You probably need to feed the LM393 and R3 from a lower noise supply, either R-C filtered (say 50 ohms and 1000 uf) from the battery, or perhaps better, from a 5V LDO regulator (with decoupling).

You can keep the pullup resistor R1 connected to the full battery voltage to turn on the FET as hard as possible, even with the LM393 supplied from 5V.

And as the voltage peaks exceed the battery voltage, inductance must be having some effect so the flyback diode is definitely recommended.


It's very probably the inductance. The mosfet turns off really fast and you get a V = L(di/dt) voltage spike. This turns on the zener protection in your mosfet and then the current runs around the rest of your circuit

A fly-back diode might do the trick.

Put the diode in parallel with the heater element with the cathode connected to the positive terminal.

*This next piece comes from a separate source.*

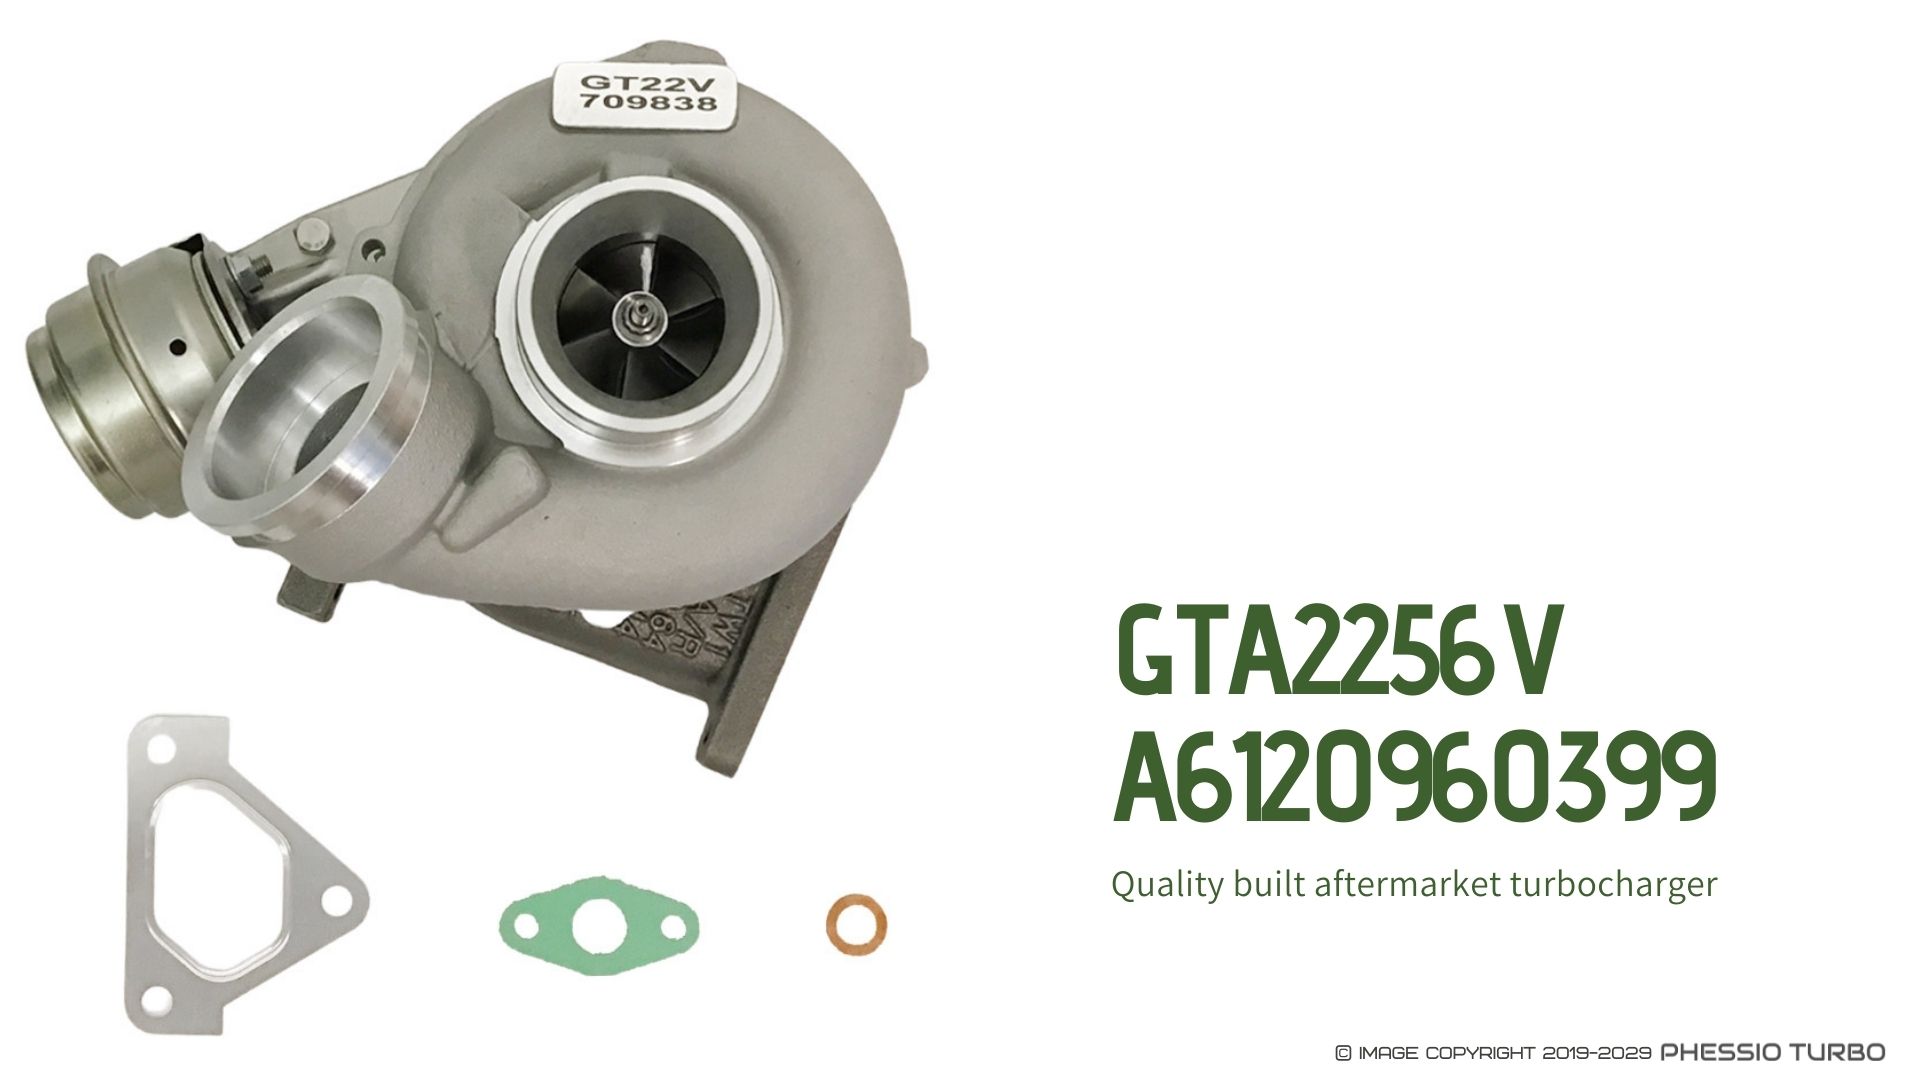 A6120960399 709838 Turbochargeer For Mercedes Sprinter Om612 Engine

Now when it is turned off the current will find a harmless path via the diode.

Careful. The diode will heat up with each cycle.

From your oscilloscope trace the oscillation time is about 100us

Current = about 10A

V of diode forward biased = 0.7V

E = VIT = 700 uJ ( I know this calc is cheating, it probably less than half this amount)

P = E*F (F = switching frequency)

if F = 1kHZ then P = 700mW

To select you diode multiply its power rating in Watts by your switching frequency in kHz.


I can see a very significant flaw in your circuit: The LM393 has an open collector output. So when the output goes "high" it effectively goes only "not low" and is pulled up via the R1=10k. The charge current flow into the MOSFET gate is also provided via R1, thus the turn-on is extremely slow. This is not a problem for the 1k dummy load, but with significant load current the MOSFET parasitics (e.g. Miller effect) can cause trouble of the kind you observe.

You need to modify your circuit to charge the MOSFET gate much faster via a low-impedance path, maybe via a bipolar totem-pole driver, see the TI Application Note "Design And Application Guide For High Speed MOSFET Gate Drive Circuits" (SLUP169) for reference.